C. The Impact Of The Officers Drawing Their Weapons

Judge Lee went to considerable length to analyze the question whether the investigative stop became an arrest by the officer's show of force. The district court found that it was not unreasonable for the officers to have drawn their weapons after Hatch did not obey Officer Knox's verbal warning to remain in his vehicle. The defendants, suspected drug traffickers, were believed to be delivering five kilograms of cocaine from Miami to Fort Wayne when they were stopped just a few miles from their destination. After Hatch returned to the truck, the officers promptly put their weapons away. The mere use or display of force in making a stop does not necessarily transform a stop into an arrest if the surrounding circumstances give rise to a justifiable fear for personal safety. United States v. Tilmon, 19 F.3d 1221, 1226 (7th Cir. 1994).

The district court properly held that the officers' limited use of their weapons was a reasonable precaution in the context of the investigatory stop. The actions of the officers fell well within the purview of United States v. Hensley, 469 U.S. 221 (1985) and United States v. Ocampo, 890 F.2d 1363, 1369 (7th Cir. 1989).

Appellants raise the issue of whether Hatch freely and voluntarily gave consent to search the vehicle. This court reviews such trial court determinations under a clearly erroneous standard. United States v. Kozinski, 16 F.3d 795, 810 (7th Cir. 1994); United States v. Dickerson, 975 F.2d 1245, 1249 (7th Cir. 1992), cert. denied, --- U.S. ----, 113 S. Ct. 1316, 122 L. Ed. 2d 703 (1993). We defer to the district court's credibility determinations. United States v. Johnson, 910 F.2d 1506, 1508 (7th Cir. 1990), cert denied, 498 U.S. 1051 (1991). Therefore, this court will only reverse the district court's ruling if its decision that the consent was voluntary was clearly erroneous. Kozinski at 810.

When determining whether consent to search was voluntarily given, the district court must look to the "totality of all the circumstances." Schneckloth v. Bustamonte, 412 U.S. 218, 227 (1973); Kozinski at 810. The totality of the circumstances included an analysis of the defendant's age, education and intelligence, the advisement of his rights, how long he was detained prior to his consent, physical coercion and whether he was in custody. Kozinski at 810; United States v. Rojas, 783 F.2d 105, 109 (7th Cir.), cert denied, 479 U.S. 856 (1986). Here, Hatch argues that his consent to search was clearly the product of his custodial setting and coercive police conduct.

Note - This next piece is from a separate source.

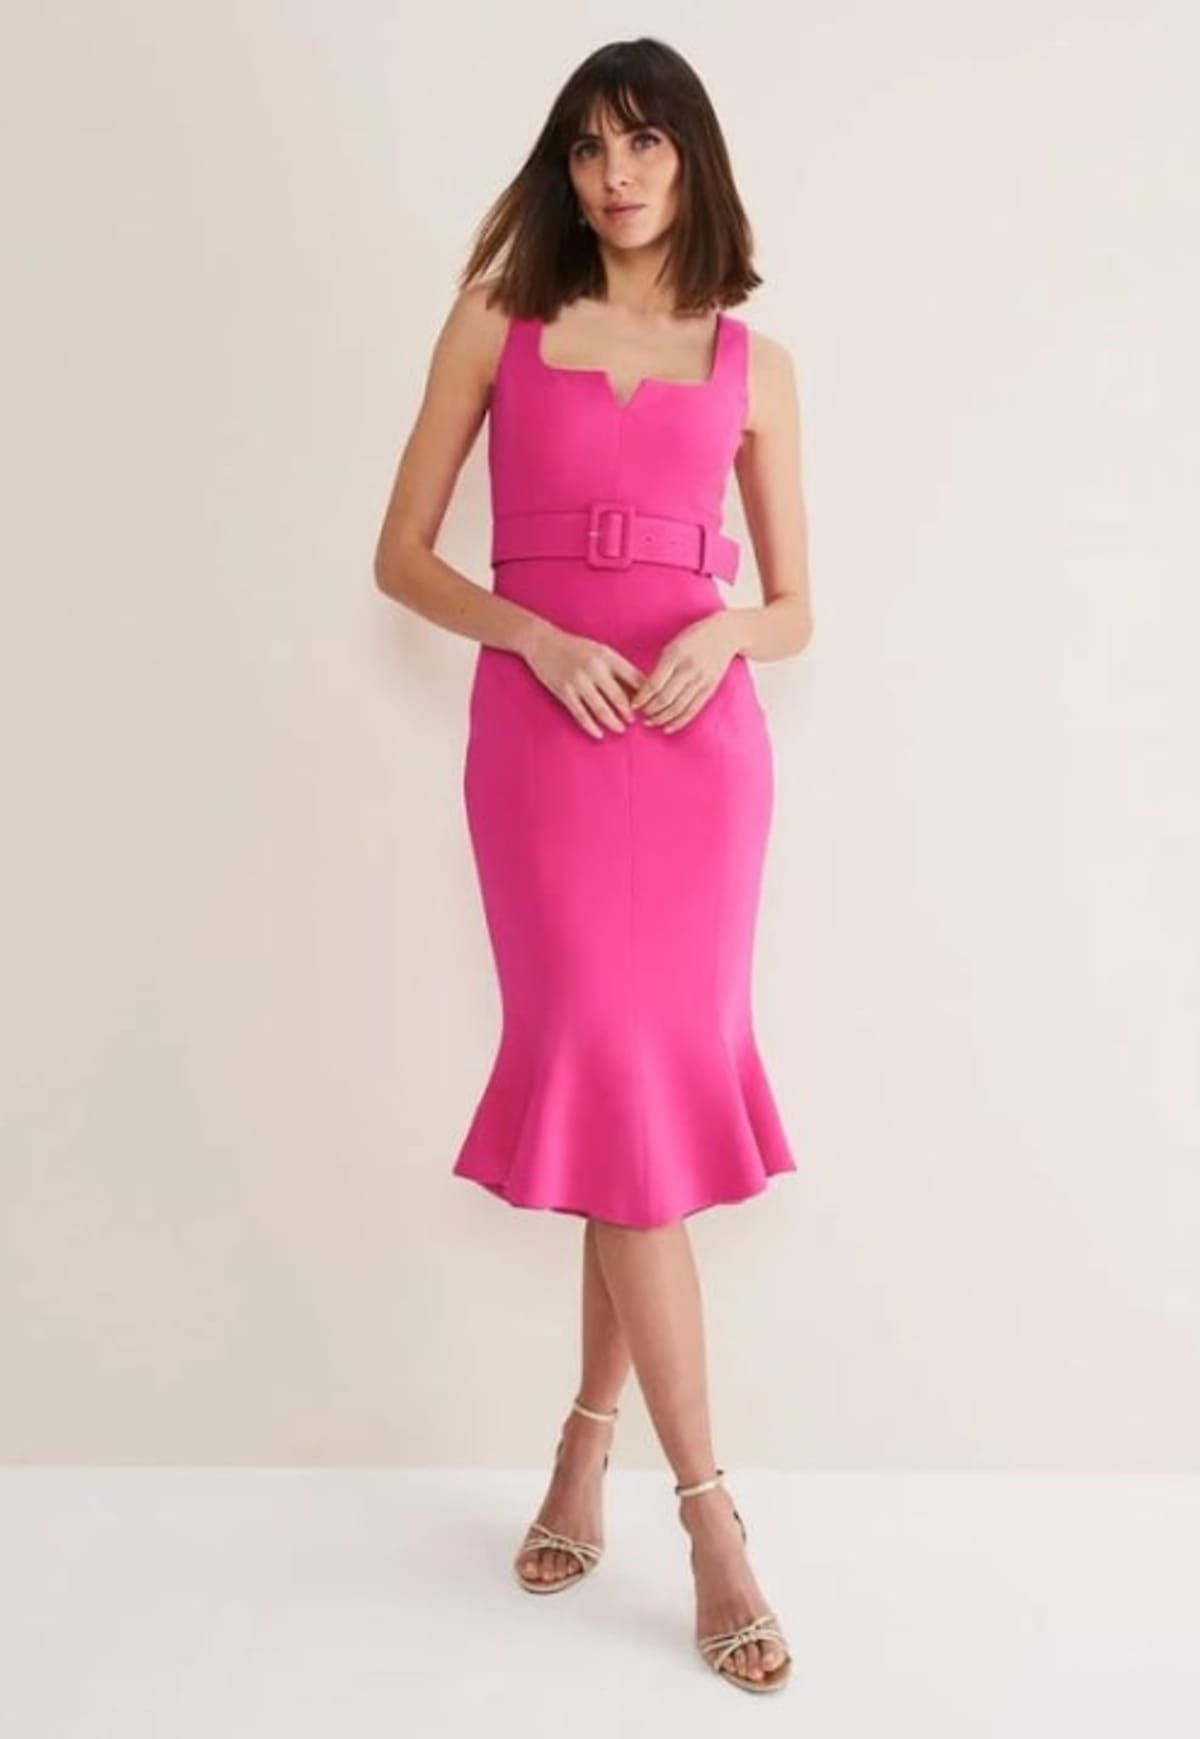 Woman wearing pink suit dress

Under the facts of the present case the voluntariness of Hatch's consent is of no consequence. The district court heard the testimony of Cooper and the agents, and concluded that Cooper voluntarily admitted to the agents that there were "two kilos" (of cocaine) in a suitcase behind the driver's seat in Hatch's truck. After Cooper's admission, probable cause existed for a warrantless search of the legitimately-stopped vehicle and any suitcase found within it; at this point Hatch's consent was unnecessary. United States v. Ross, 456 U.S. 798 (1982). We need not reach the issue of whether the search was voluntary as the consent form signed by Hatch and his understanding of it are rendered irrelevant under the Court's analysis in Ross.

For the foregoing reasons, the convictions of Samuel Hatch and James Cooper are affirmed.